On November 20, 2015, the band released a single in collaboration with artist Ryos, featuring uncredited vocals from Karra, titled "More Than Ever", and was published by Dutch record label Spinnin' Records. On November 22, they announced on Twitter that a free two-track EP, titled More Than Ever: The Thank You EP, will be emailed to those who would send them a proof of the purchase for "More Than Ever" via email. The EP comprised the acoustic version of "More Than Ever" and a remix of "Anywhere But Home" by American DJ Landis.

On December 13, 2015, the duo released a collaboration with producer Shanahan, on UK-based Enhanced Music which featured American singer Haliene. The single went on to receive 2.5 million Spotify streams and enjoyed heavy rotation on BPM (Sirius XM) Dance radio. The track went on to be featured in "Enhanced Best of 2015", a compilation album released by Enhanced. It also peaked at no. 26 on the Billboard Dance/Mix Show Airplay chart.

On January 29, 2016, the band announced via their Twitter page about another free EP called Ruins: The Thank You EP, which they would email to the buyers of their upcoming single "Ruins", featuring Angelika Vee. On February 2, "Ruins" was released on Doorn Records. The four-track EP comprised three mashups made with their previously released songs, and a remix of "Anywhere But Home" by Mexican-American duo Skellism.

Sleepless, Oh So Hard (Part I and II) and Coma (2016–2018)
A new EP titled Sleepless was released on September 16, 2016. The first single off the EP was "See the Sky" with Jay Cosmic featuring Haliene. The second single was titled "Stable" with Crossnaders. It became the group's most successful EP as of now, peaking at no. 4 on the Billboard Dance/Electronic Albums chart and at no. 36 on the Billboard Independent Albums chart.

On November 25, 2016, They released a song titled "Echo (Let Go)", with IZII.

In late May 2017, a new track, "Glue" was previewed on the band's official Instagram page and a new EP was announced. Titled Coma, it was available for preorder on June 16, 2017, and the first single "Glue", was also released. Coma was released on July 14, 2017. It consisted of five tracks including the forementioned single. 

In 2018, the duo released a remix to the song "Happier" by Marshmello and Bastille.

Dead: The Album (2019–present)
The band released their fifth studio album, Dead: The Album, on November 15, 2019, on Spinnin' Records and Big Beat. "Too Good" was released on September 13, 2019, as the lead single from the album. The album also spawned two other singles: "Like This" and "Drive". One day before the album came out,"July" was released along with its music video. They also released an acoustic EP, Dead: The Acoustic and a remix album, Dead: The Remixes.

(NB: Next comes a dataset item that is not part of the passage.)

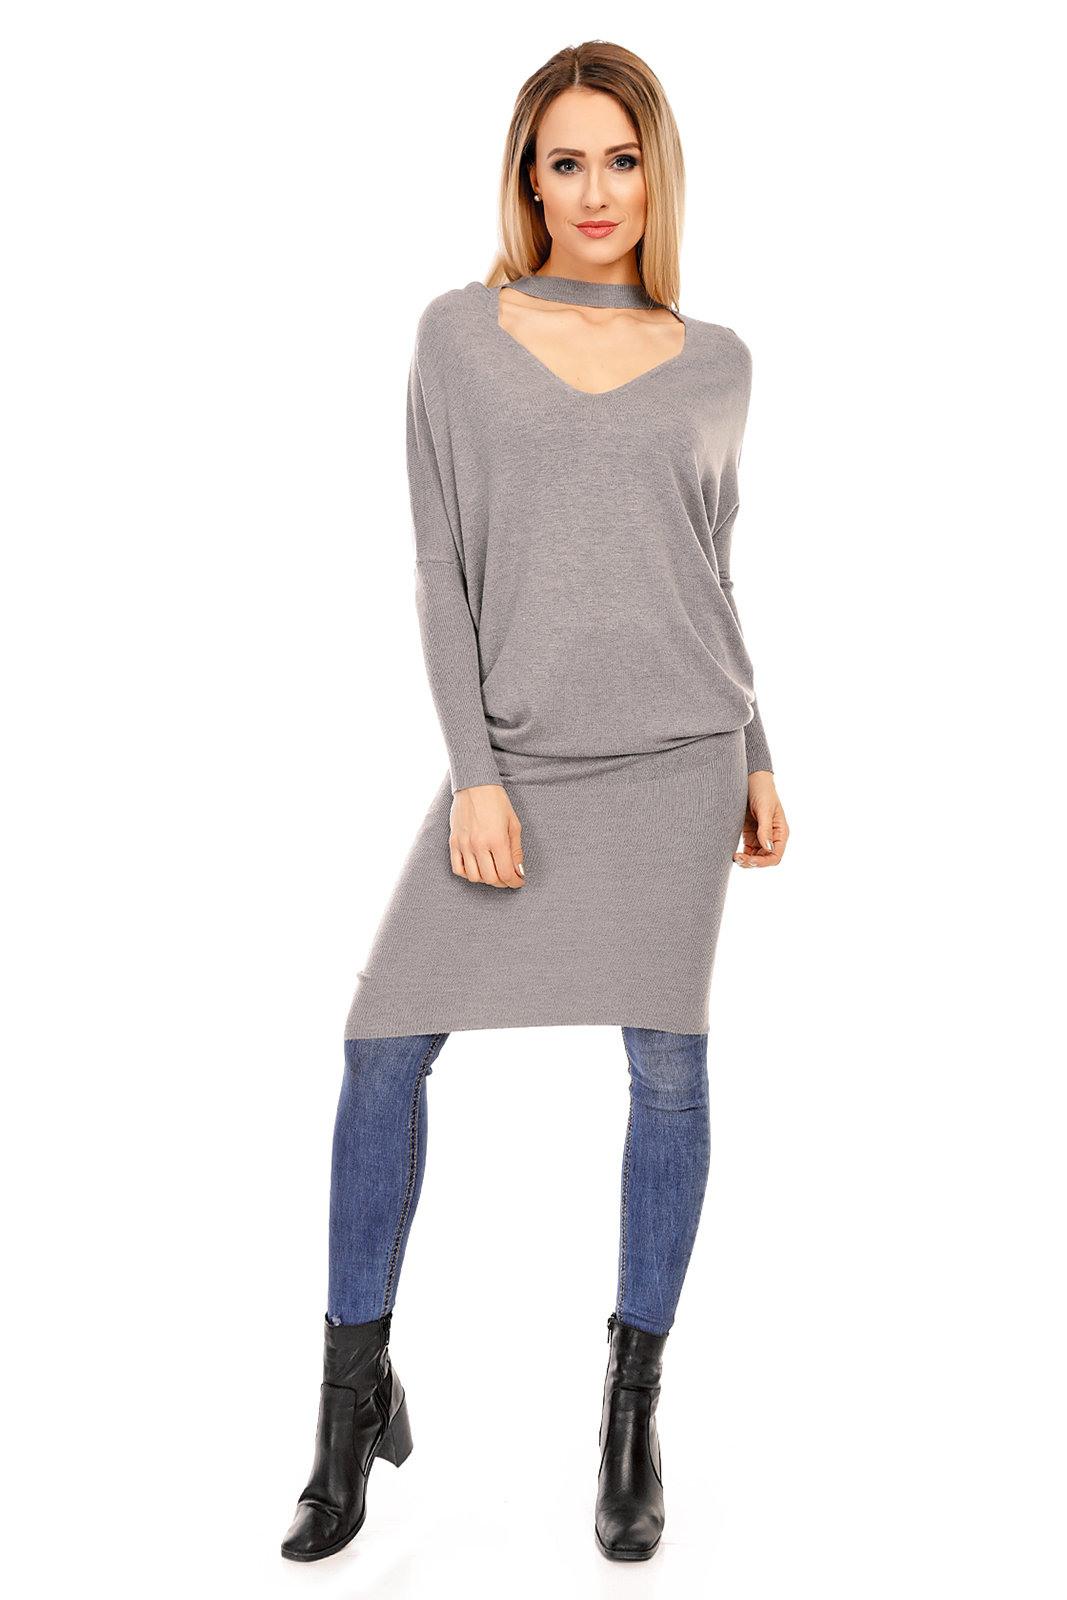 Tunika/Kleid Nicole Ks1068  One Size 2390

In 2019, Breathe Carolina released a remix to Smash Mouth's "All Star" to celebrate the 20th anniversary of the song.

Musical style and arrangement
Breathe Carolina has mainly been categorized as electropop, EDM
 and electronic rock. Post-hardcore influence also existed in the majority of earlier work by the band, evident by the use of screamed vocals and breakdowns. These elements, however, were usually kept to a minimum while electronic elements took precedence. This fusion of post-hardcore characteristics and dance-oriented electronica had once led the group to be labeled crunkcore as well. Also typical of crunkcore is the prevalent use of Auto-Tune and vocoders on Schmitt's vocals.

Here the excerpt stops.